Ukrainian Arbitration Association
- Company type: Not-for-profit
- Industry: arbitration
- Founded: 2012
- Headquarters: 4-B Grushevskogo Str., Ofc. 27, Kyiv 01001, Ukraine, Kyiv, Ukraine
- Website: www.arbitration.kiev.ua

= Ukrainian Arbitration Association =

The Ukrainian Arbitration Association (UAA) (Українська Арбітражна Асоціація) – is a nonprofit organisation, founded in September 2012 by the initiative group of Ukrainian and foreign experts in international arbitration to unite lawyers (irrespective of their nationality or place of residence) who are professionally engaged or interested in international arbitration.

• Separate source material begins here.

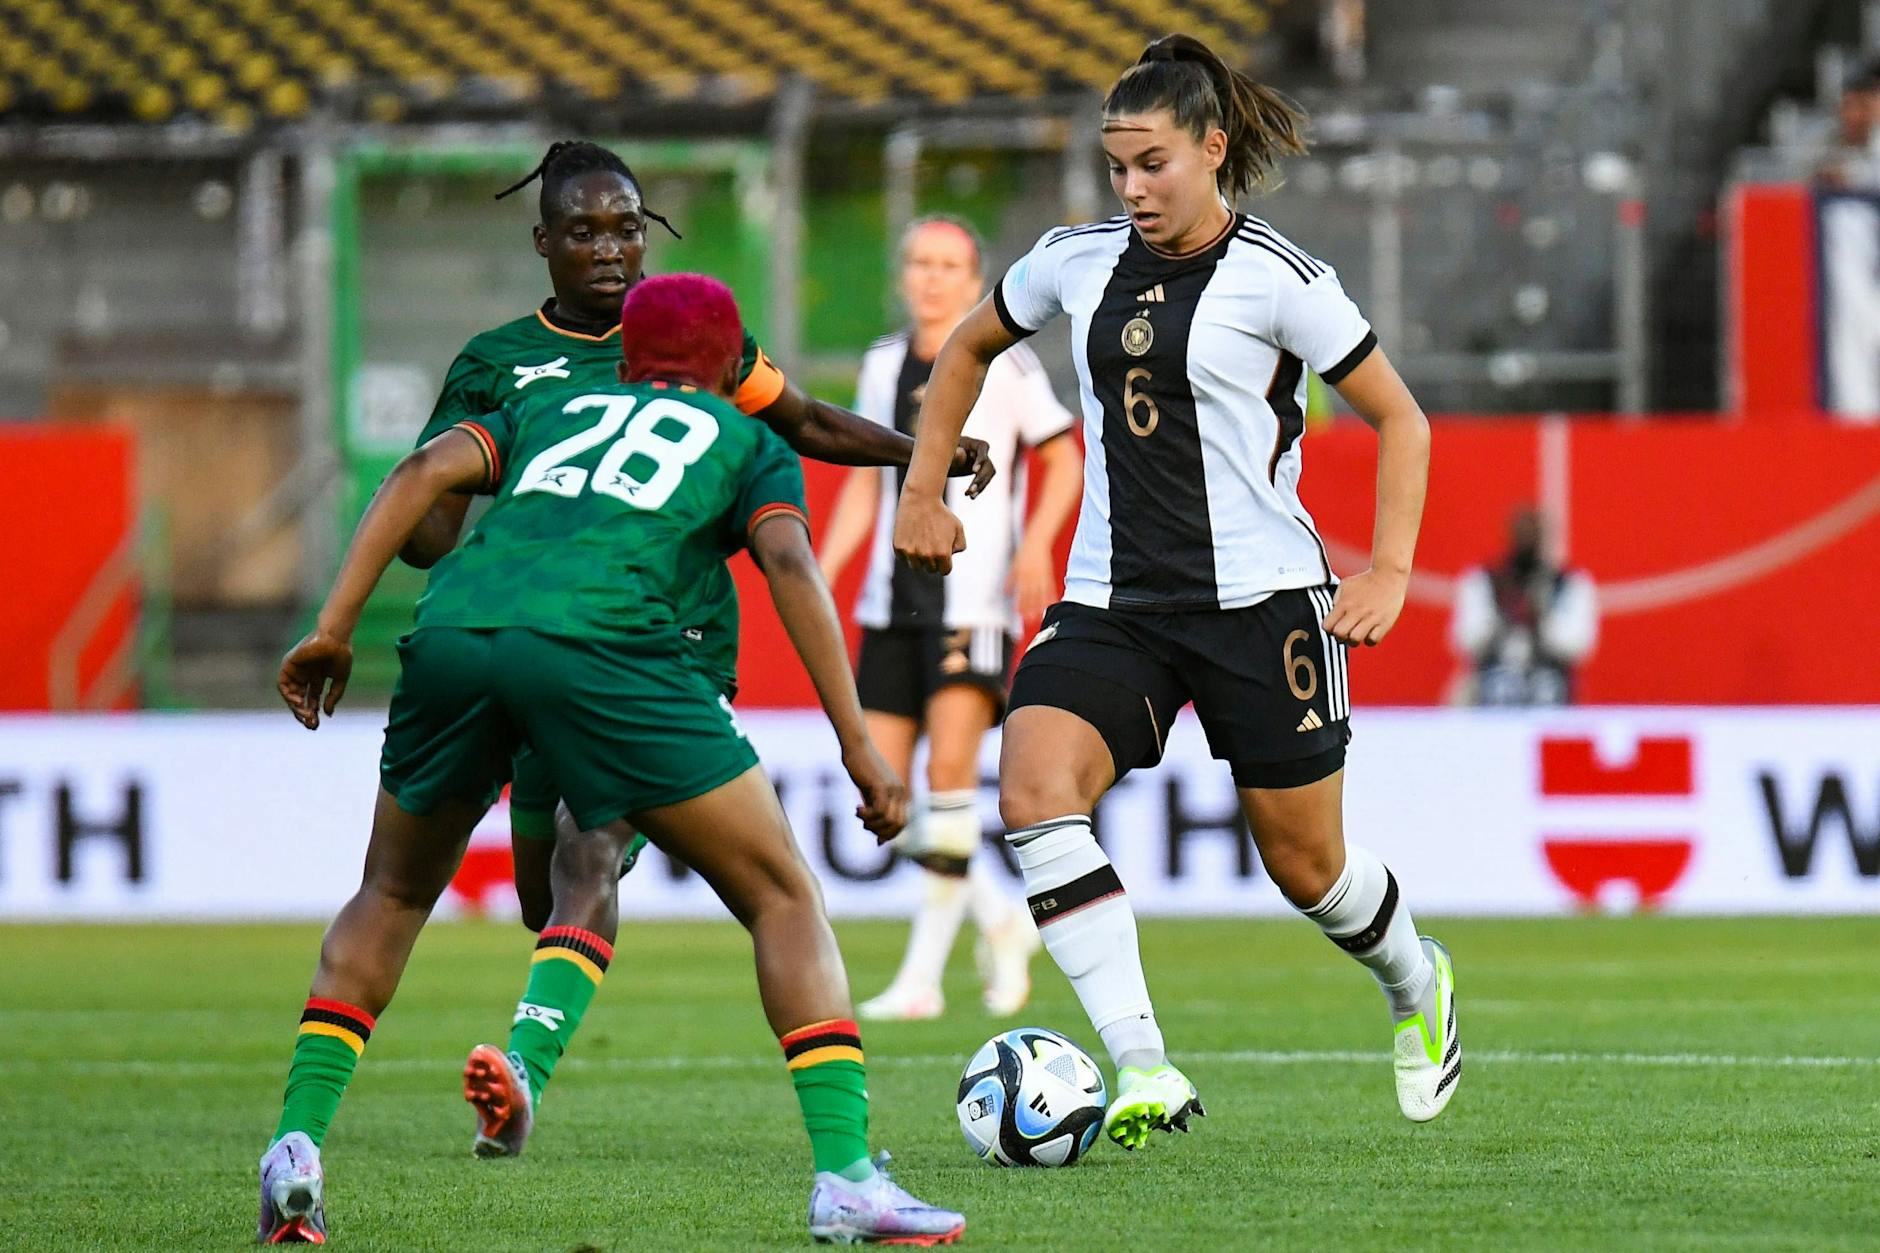 &nbsp;Länderspiel Deutschland - Sambia: Lena Sophie Oberdorf am Ball gegen Susan Banda und Barbra Banda.&nbsp;&nbsp;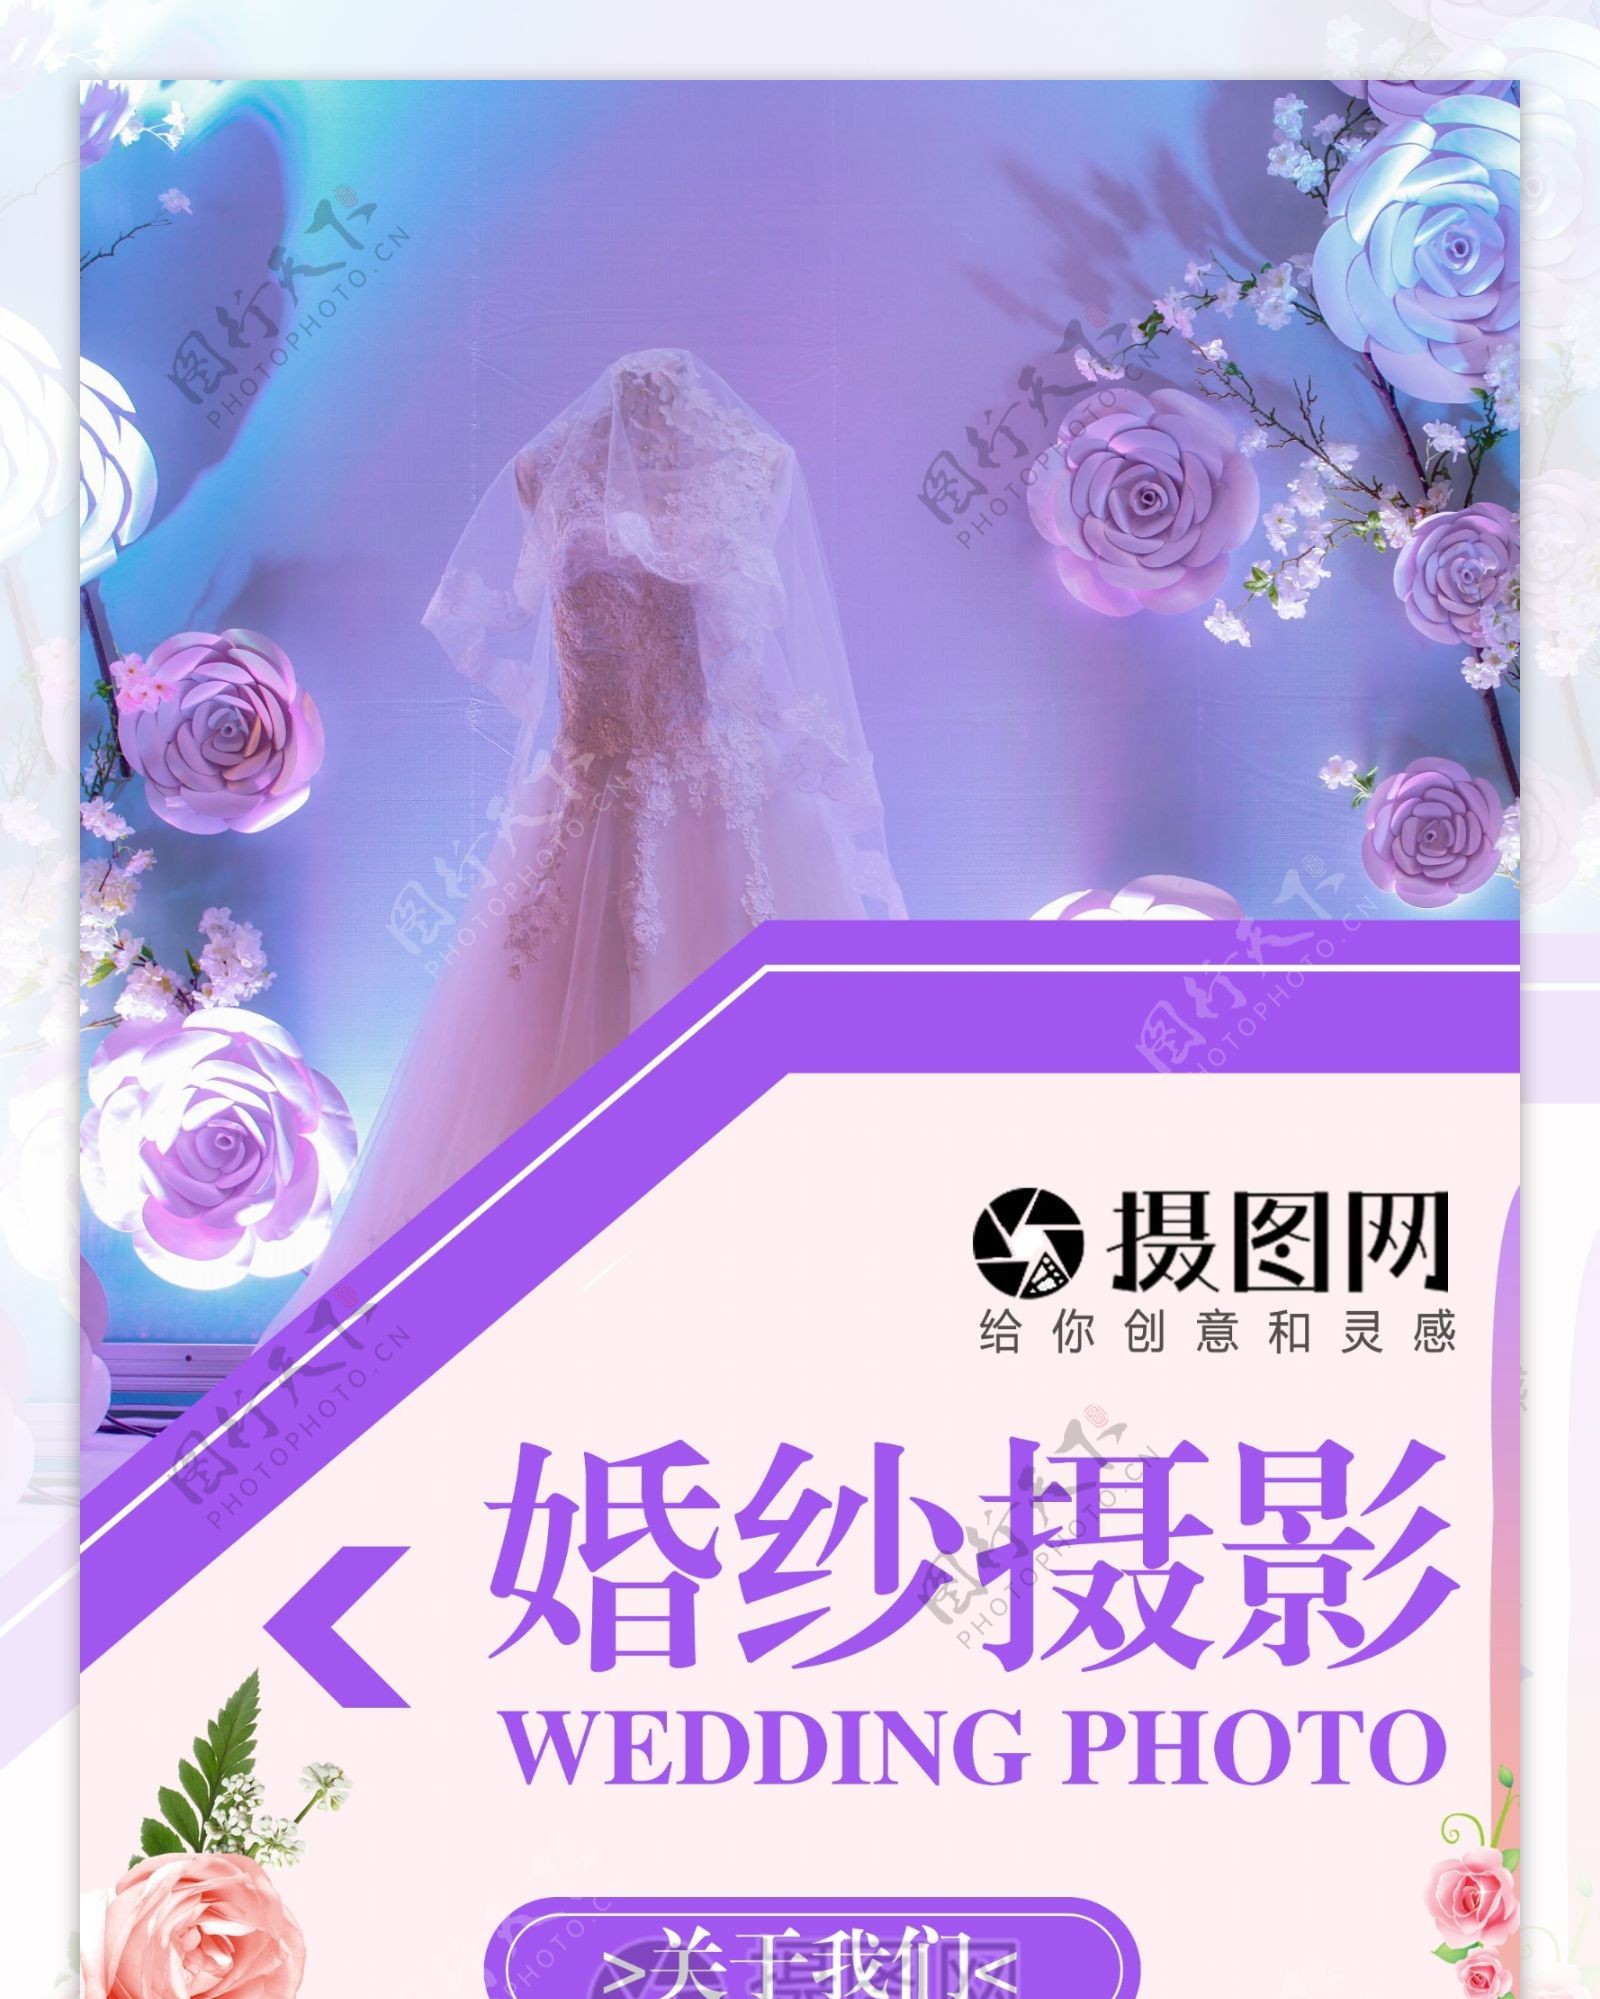 婚纱摄影宣传展架

The Association is not an arbitration institution. Moreover, it intends to cooperate with arbitration institutions and similar professional associations on the development and promotion of international arbitration. Membership in the Ukrainian Arbitration Association is open to all persons with a law degree, having professional interest in international arbitration and sharing the goals and objectives of the Association. Students can join the Association as associate members.

== Key Goals ==
The key goals of the Association include, first of all, the promotion of Ukraine, and Kyiv in particular, as the seat of arbitration, facilitation and support of interest in international arbitration, extension of knowledge and exchange of experience in cross-border dispute resolution, as well as enhancement of cooperation and communication among practitioners in international arbitration around the world.

Achieving these goals requires, inter alia, the improvement of Ukrainian legislation in the field of international arbitration and development of arbitration-friendly court practice. The Association is also planning to carry out a range of educational activities as well as to provide Ukrainian and foreign lawyers with the most rapid and convenient access to information on international arbitration in Ukraine.